*** Opening of Records shown ***

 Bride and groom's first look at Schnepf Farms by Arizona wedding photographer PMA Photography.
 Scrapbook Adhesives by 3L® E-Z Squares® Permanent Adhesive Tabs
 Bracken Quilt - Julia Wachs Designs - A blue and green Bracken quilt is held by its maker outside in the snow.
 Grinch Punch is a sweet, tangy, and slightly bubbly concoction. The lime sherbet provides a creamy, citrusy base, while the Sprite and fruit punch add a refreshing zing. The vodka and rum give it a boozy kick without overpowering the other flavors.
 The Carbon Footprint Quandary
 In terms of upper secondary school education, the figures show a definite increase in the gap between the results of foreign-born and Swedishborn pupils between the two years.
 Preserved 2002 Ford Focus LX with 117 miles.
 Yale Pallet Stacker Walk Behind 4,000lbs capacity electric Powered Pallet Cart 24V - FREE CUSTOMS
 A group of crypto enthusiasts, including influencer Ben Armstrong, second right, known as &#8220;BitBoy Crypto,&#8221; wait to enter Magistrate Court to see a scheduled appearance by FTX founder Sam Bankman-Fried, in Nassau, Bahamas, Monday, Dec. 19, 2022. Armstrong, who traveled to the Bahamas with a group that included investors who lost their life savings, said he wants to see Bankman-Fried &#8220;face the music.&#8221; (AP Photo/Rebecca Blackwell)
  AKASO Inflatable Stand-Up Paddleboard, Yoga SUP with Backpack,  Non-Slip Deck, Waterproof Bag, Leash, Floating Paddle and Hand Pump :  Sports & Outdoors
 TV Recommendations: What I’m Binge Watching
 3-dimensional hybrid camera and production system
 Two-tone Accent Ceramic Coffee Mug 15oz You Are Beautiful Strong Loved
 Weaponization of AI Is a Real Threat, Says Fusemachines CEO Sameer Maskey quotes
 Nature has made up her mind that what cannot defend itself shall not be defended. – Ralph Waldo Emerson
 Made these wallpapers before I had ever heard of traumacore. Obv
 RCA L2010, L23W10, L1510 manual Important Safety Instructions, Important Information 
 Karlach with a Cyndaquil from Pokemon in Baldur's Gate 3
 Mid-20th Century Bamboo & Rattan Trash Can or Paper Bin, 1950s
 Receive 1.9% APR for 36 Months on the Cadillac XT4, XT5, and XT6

*** Close of Records shown ***

Copy the records above. Keep every word as it is.

 Bride and groom's first look at Schnepf Farms by Arizona wedding photographer PMA Photography.
 Scrapbook Adhesives by 3L® E-Z Squares® Permanent Adhesive Tabs
 Bracken Quilt - Julia Wachs Designs - A blue and green Bracken quilt is held by its maker outside in the snow.
 Grinch Punch is a sweet, tangy, and slightly bubbly concoction. The lime sherbet provides a creamy, citrusy base, while the Sprite and fruit punch add a refreshing zing. The vodka and rum give it a boozy kick without overpowering the other flavors.
 The Carbon Footprint Quandary
 In terms of upper secondary school education, the figures show a definite increase in the gap between the results of foreign-born and Swedishborn pupils between the two years.
 Preserved 2002 Ford Focus LX with 117 miles.
 Yale Pallet Stacker Walk Behind 4,000lbs capacity electric Powered Pallet Cart 24V - FREE CUSTOMS
 A group of crypto enthusiasts, including influencer Ben Armstrong, second right, known as &#8220;BitBoy Crypto,&#8221; wait to enter Magistrate Court to see a scheduled appearance by FTX founder Sam Bankman-Fried, in Nassau, Bahamas, Monday, Dec. 19, 2022. Armstrong, who traveled to the Bahamas with a group that included investors who lost their life savings, said he wants to see Bankman-Fried &#8220;face the music.&#8221; (AP Photo/Rebecca Blackwell)
  AKASO Inflatable Stand-Up Paddleboard, Yoga SUP with Backpack,  Non-Slip Deck, Waterproof Bag, Leash, Floating Paddle and Hand Pump :  Sports & Outdoors
 TV Recommendations: What I’m Binge Watching
 3-dimensional hybrid camera and production system
 Two-tone Accent Ceramic Coffee Mug 15oz You Are Beautiful Strong Loved
 Weaponization of AI Is a Real Threat, Says Fusemachines CEO Sameer Maskey quotes
 Nature has made up her mind that what cannot defend itself shall not be defended. – Ralph Waldo Emerson
 Made these wallpapers before I had ever heard of traumacore. Obv
 RCA L2010, L23W10, L1510 manual Important Safety Instructions, Important Information 
 Karlach with a Cyndaquil from Pokemon in Baldur's Gate 3
 Mid-20th Century Bamboo & Rattan Trash Can or Paper Bin, 1950s
 Receive 1.9% APR for 36 Months on the Cadillac XT4, XT5, and XT6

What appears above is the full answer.